▶ _BRIEF_
Make an exact copy of the whole listing, but leave its pictures out.

▶ _SOURCE DATA_
--*--
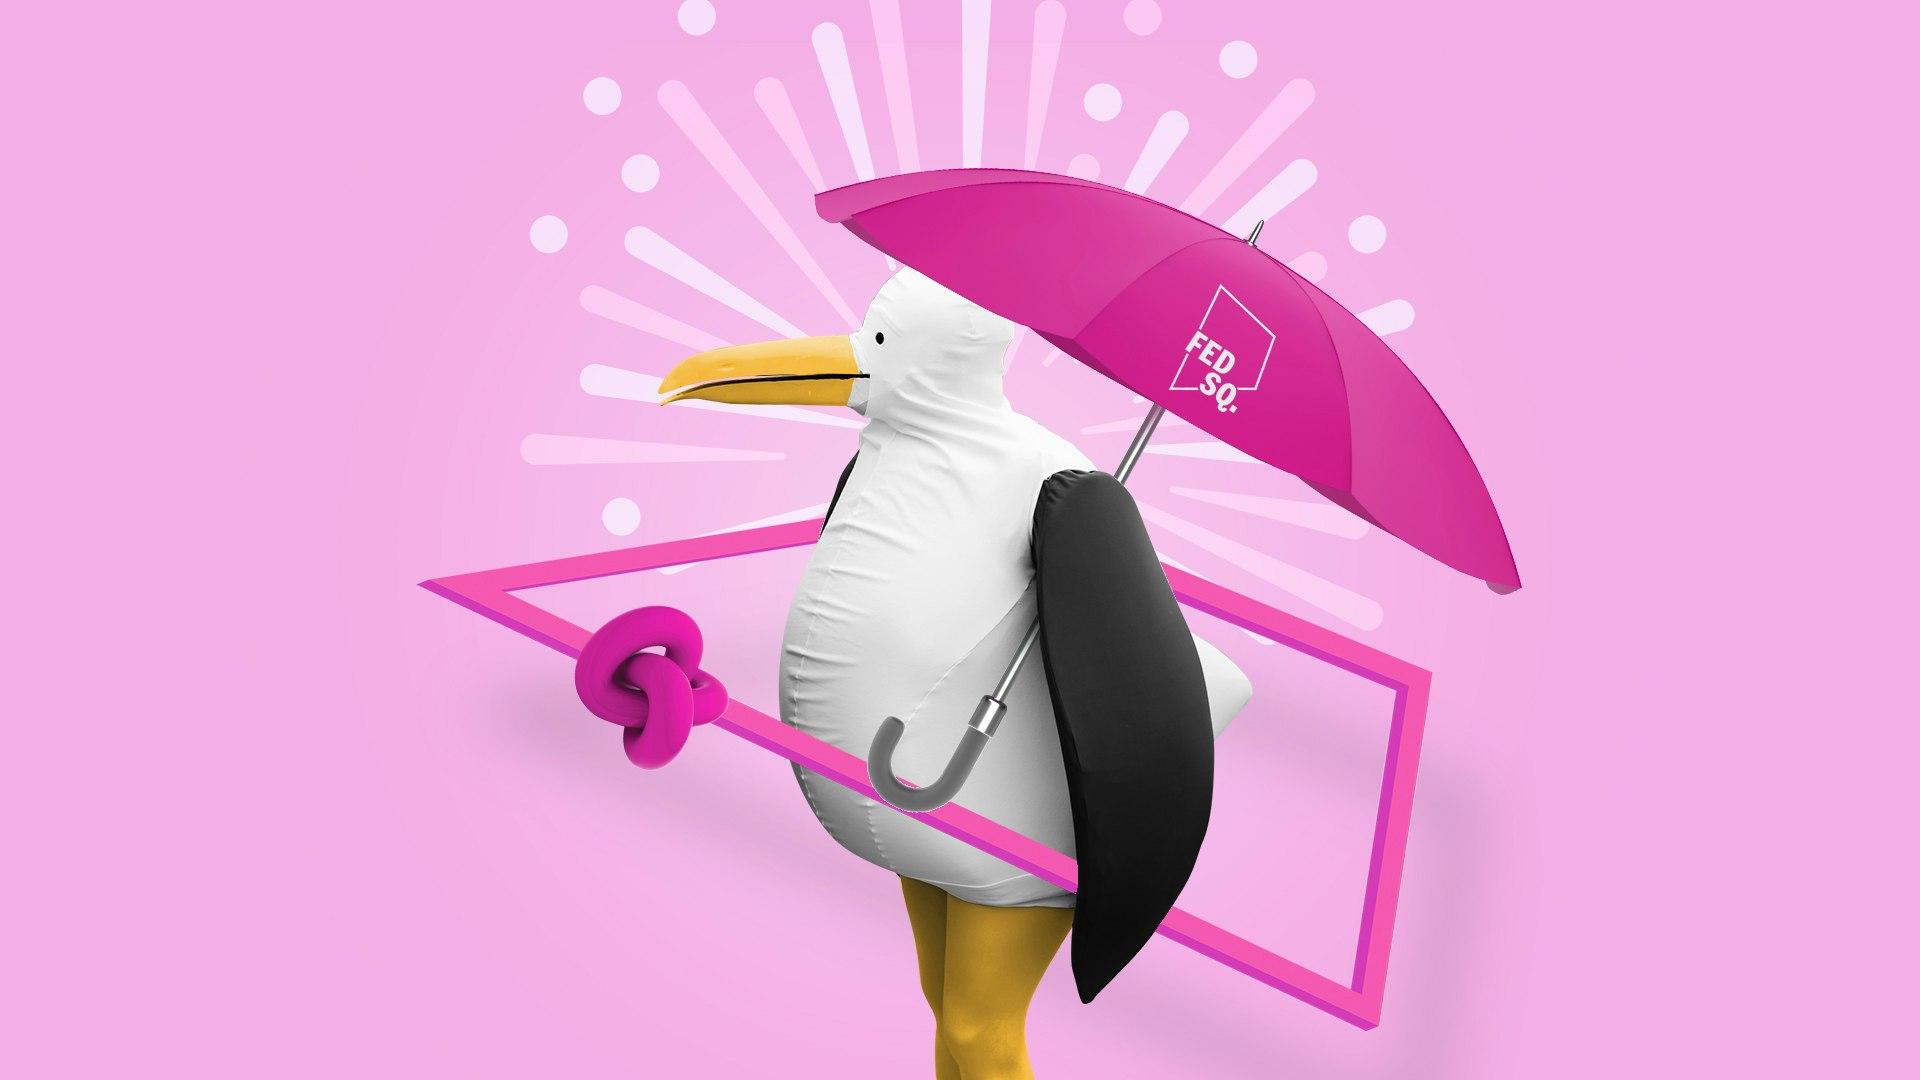 French seagull with umbrella
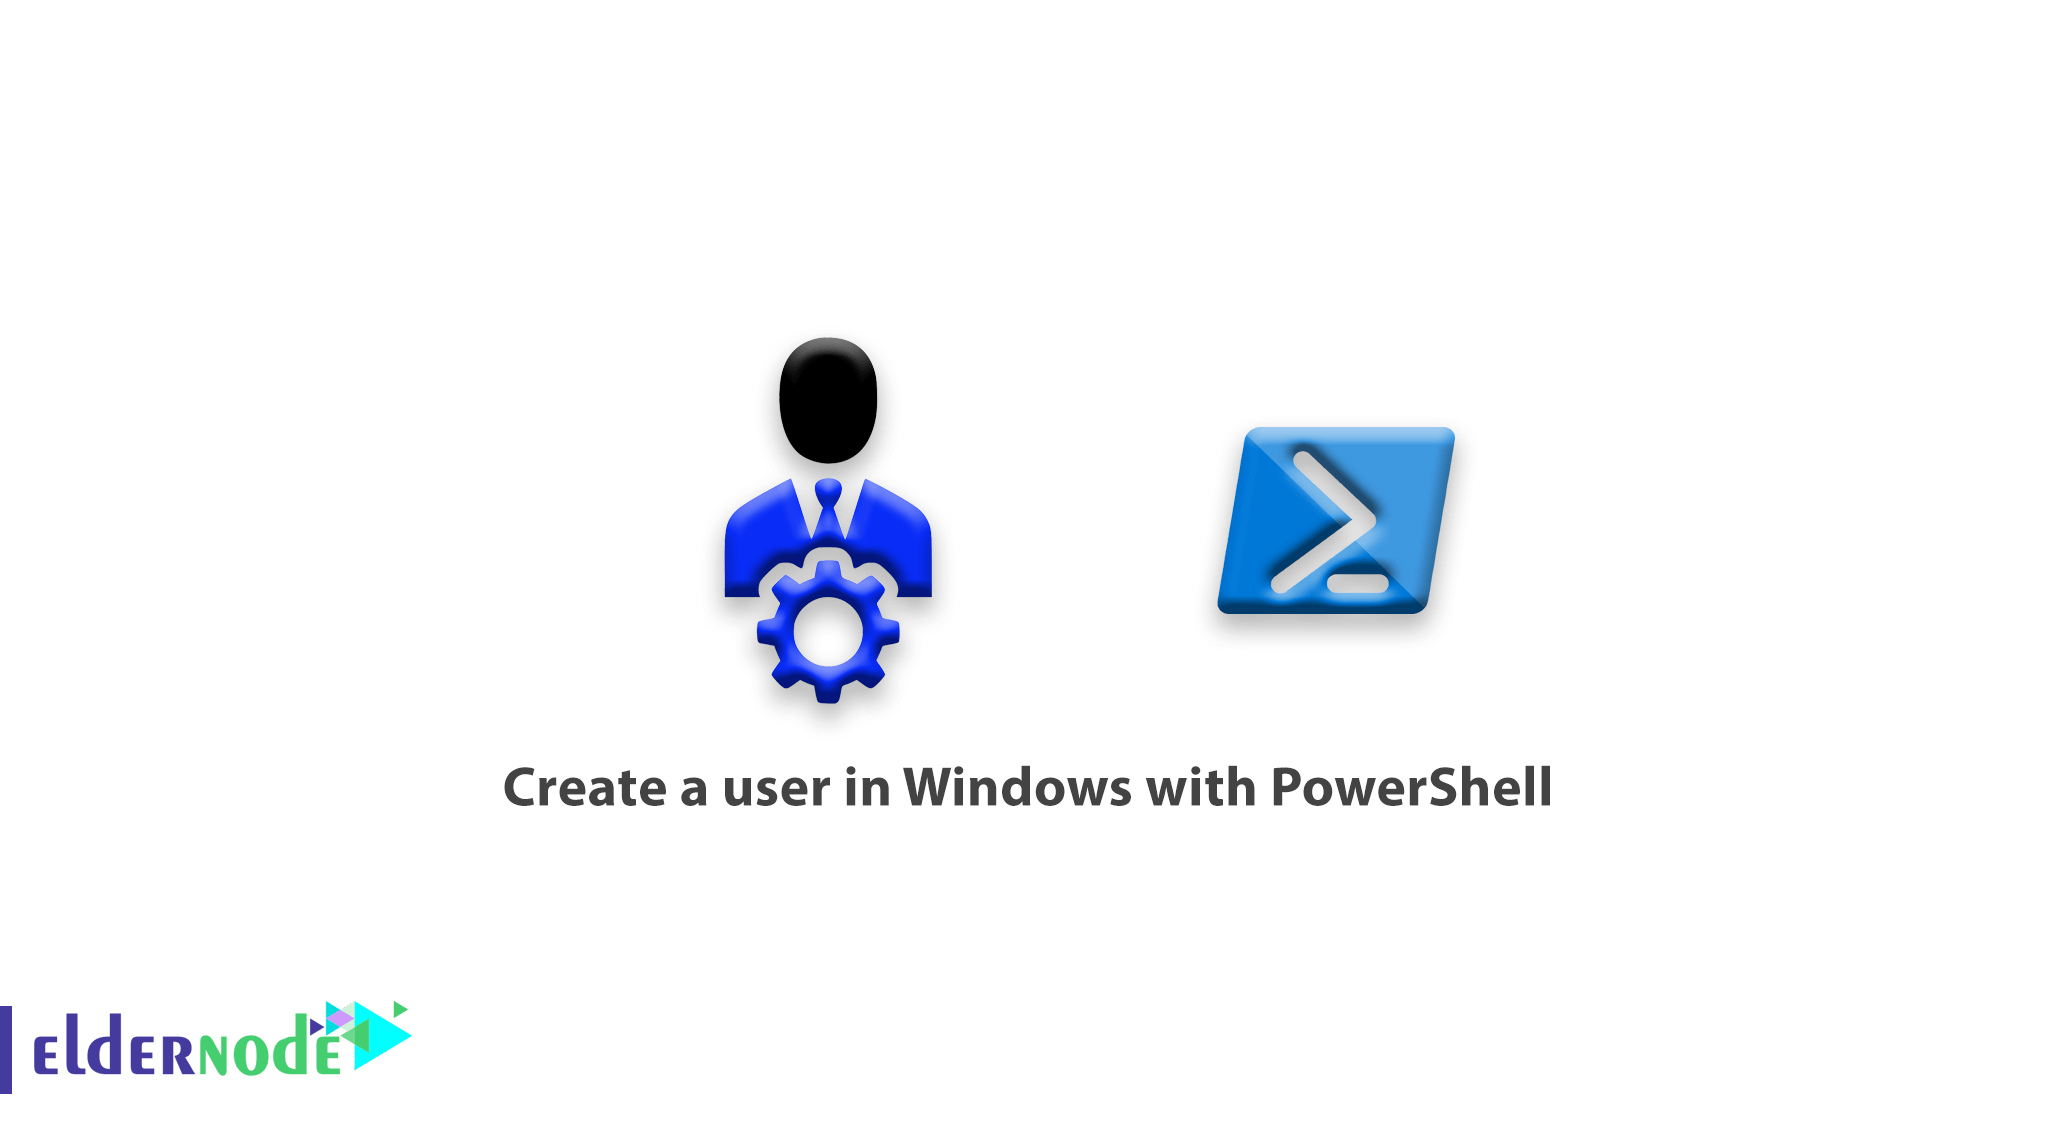 How to Create a user in Windows with PowerShell
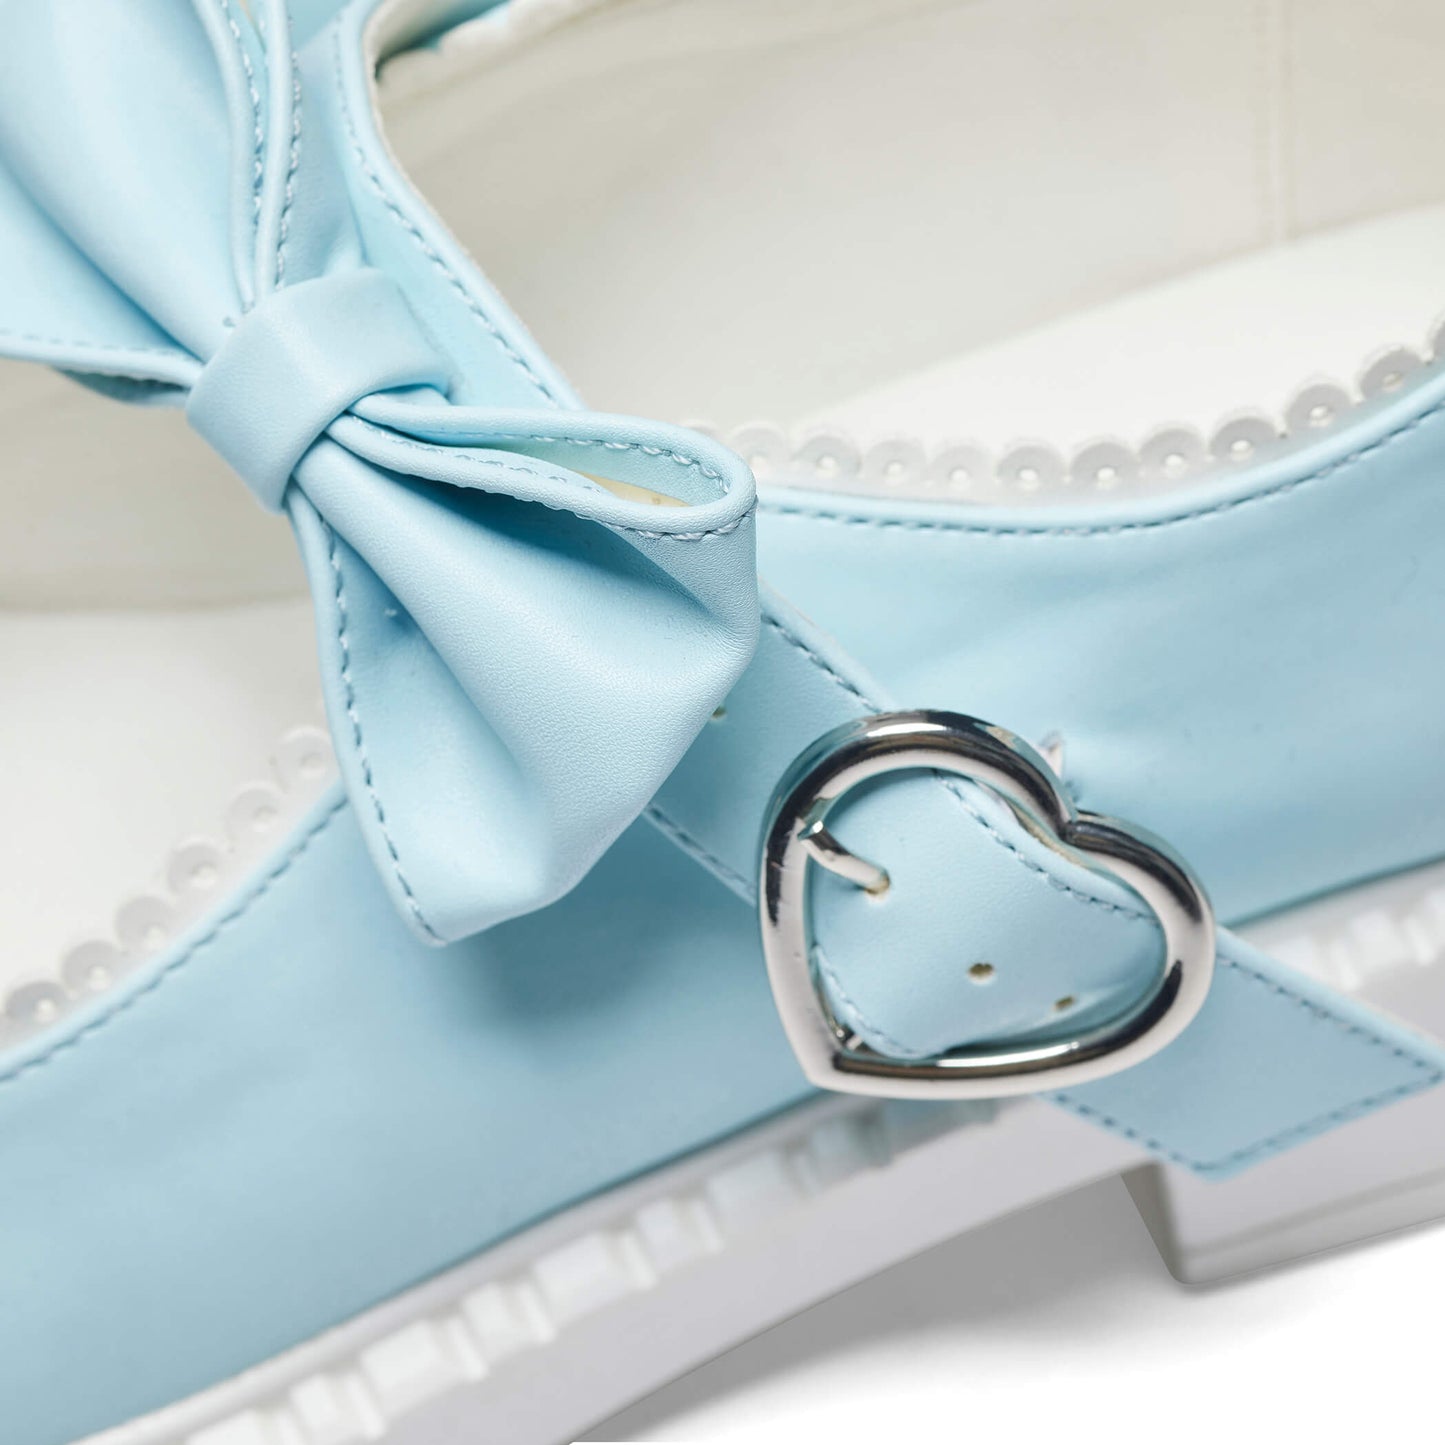 Fairy Lace Doily Mary Janes - Baby Blue - Mary Janes - KOI Footwear - Blue - Buckle Detail
--*--
▶ _ANSWER TO THE PROBLEM_
 French seagull with umbrella
 How to Create a user in Windows with PowerShell
 Fairy Lace Doily Mary Janes - Baby Blue - Mary Janes - KOI Footwear - Blue - Buckle Detail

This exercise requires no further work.